Mamata Banerjee has proved multiple times now that she does not deal in ambiguous results. Certainly not in West Bengal assembly elections. By Sunday night, her Trinamool Congress (TMC) had registered another emphatic victory in the state, which Mamata snatched 10 years ago from the Left and then retained with more seats in 2016.

Exit polls predicted a close match two days ago between Mamata and the BJP. Mamata Banerjee has gone on to win even more seats than five years ago. Two more. The TMC has won or is leading in 213 of the state’s 292 seats that went to polls. The BJP is way behind at 77.  

Mamata lost own election in Nandigram to former protege Suvendu Adhikari, who joined the BJP and contested against his ex-boss. “Don’t worry about Nandigram, I struggled for Nandigram because I fought a movement. It’s ok. Let the Nandigram people give whatever verdict they want, I accept that. I don’t mind. We won more than 221 seats & BJP has lost the election,” the West Bengal Chief Minister said.

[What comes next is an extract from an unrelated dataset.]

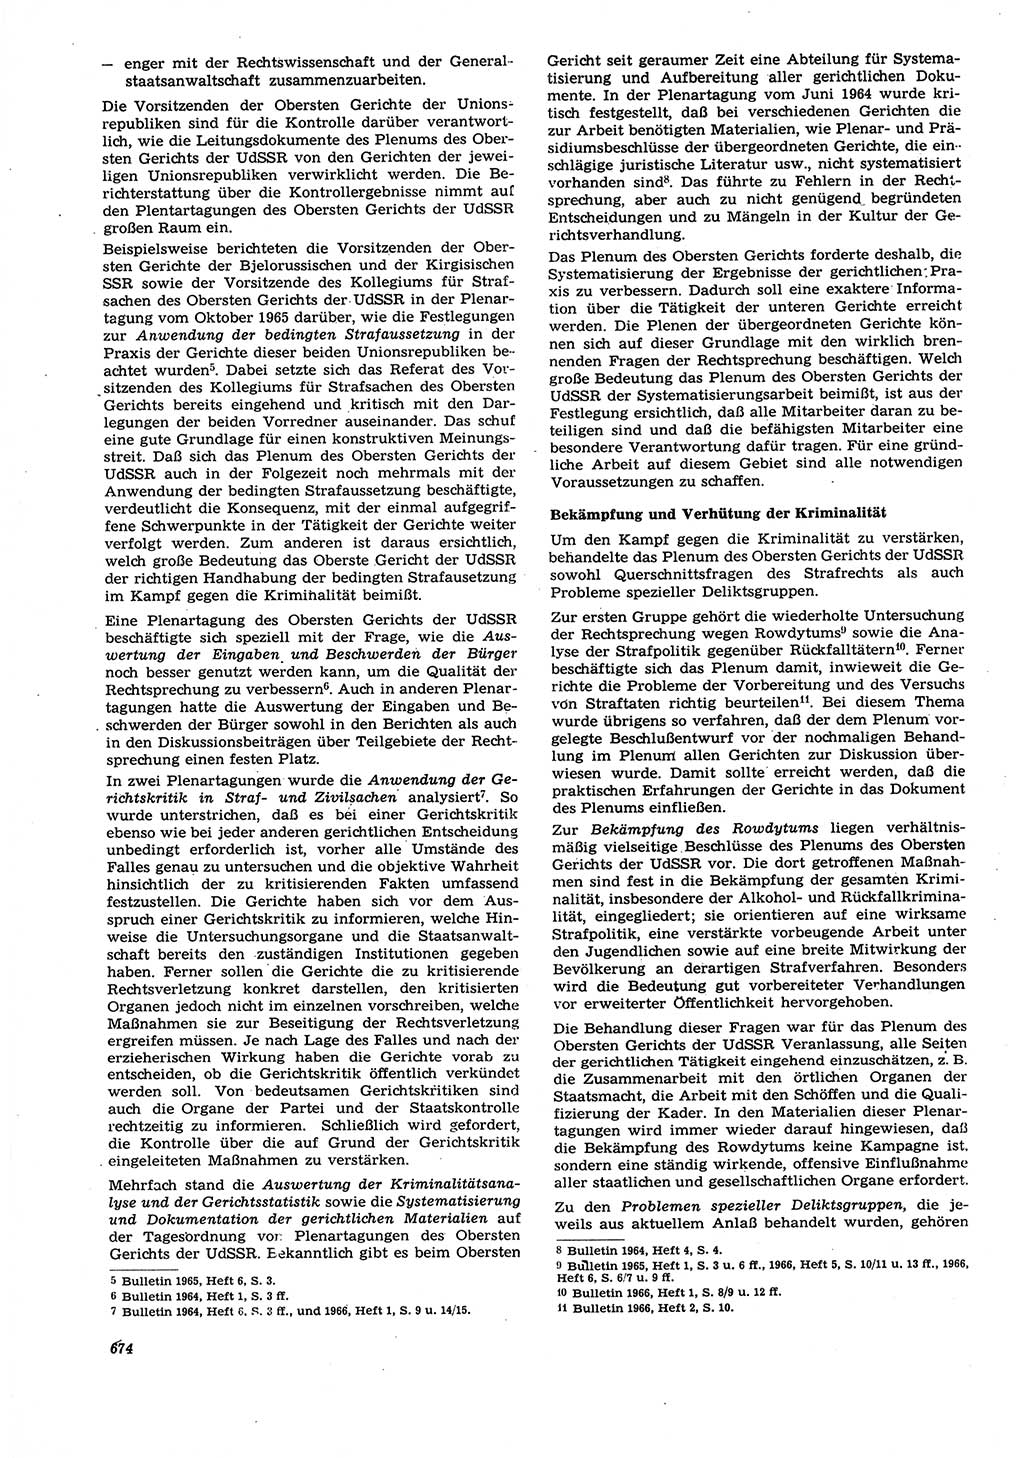 Neue Justiz (NJ), Zeitschrift für Recht und Rechtswissenschaft [Deutsche Demokratische Republik (DDR)], 21. Jahrgang 1967, Seite 674 (NJ DDR 1967, S. 674)

With today’s win she has denied the BJP what it wanted keenly. West Bengal added to its list of conquests. It will have to wait some more. 

Khela Hobe (game on),” Mamata had said as defections like Adhikari’s piled up around her with many key TMC leaders joining the BJP in the run-up to the elections. “Khela Shesh (game over for Mamata) countered the BJP, but those calculations were wrong. 

“The TMC won because of Mamata Banerjee. It seems people have chosen Didi. We will introspect what went wrong, whether it was organisational issues, lack of face, insider- outsider debate. We will see what went wrong,” said the BJP’s national general secretary in charge of Bengal, Kailash Vijayvargiya on Sunday afternoon. 

Battling a deep anti-incumbency sentiment and an aggressive BJP’s full-on assault, Mamata Banerjee projected herself as a lone woman taking on the big guns of the BJP. Didi to many for years, she repackaged herself as Bengal’s daughter or “beti,” and rallied women voters and the state’s substantial Muslim vote base.   

The diminutive Mamata, 66, hobbled through an intense election, one leg in a cast after an injury that also saw her campaign in a wheelchair. She matched a barrage of taunts and invectives from an army of BJP leaders assigned to Mission Bengal, including Prime Minister Narendra Modi and Amit Shah, chief architect of the BJP’s growth-on-steroids in the state.

The BJP said she was faking it. The TMC accused the BJP of misogyny. Mamata was injured while campaigning in Nandigram in March. It wasn’t her first workplace injury. In 1990, she was attacked during a rally and her skull was fractured. 

Mamata Banerjee is an effective solo act. She has always been.

As a young Congresswoman obsessed with ending Communist rule in Bengal, she was quickly spotted for her passion in removing or defacing political posters of the CPI(M) in Kolkata. She first registered herself as a giant killer when at age 29 she defeated Left colossus Somnath Chatterjee in the 1984 general election. It was the only election Chatterjee ever lost.

Marxists called her “that girl” as she made it her mission to trip them up, attack their image and generally make trouble for them. She was dismayed at the lack of energy displayed by other Congress leaders through years and years of Left rule. 

Mamata was 42 when she launched the Trinamool Congress in 1997. She had been expelled by the Congress for accusing it of playing B team to the Left and of not being serious about uprooting the Left. 

The Nandigram movement when she protested for farmers’ rights and against the land acquisition policy of the then Left government, set her on the path to 2011, when she stormed Bengal and threw out the Left, becoming chief minister for the first time.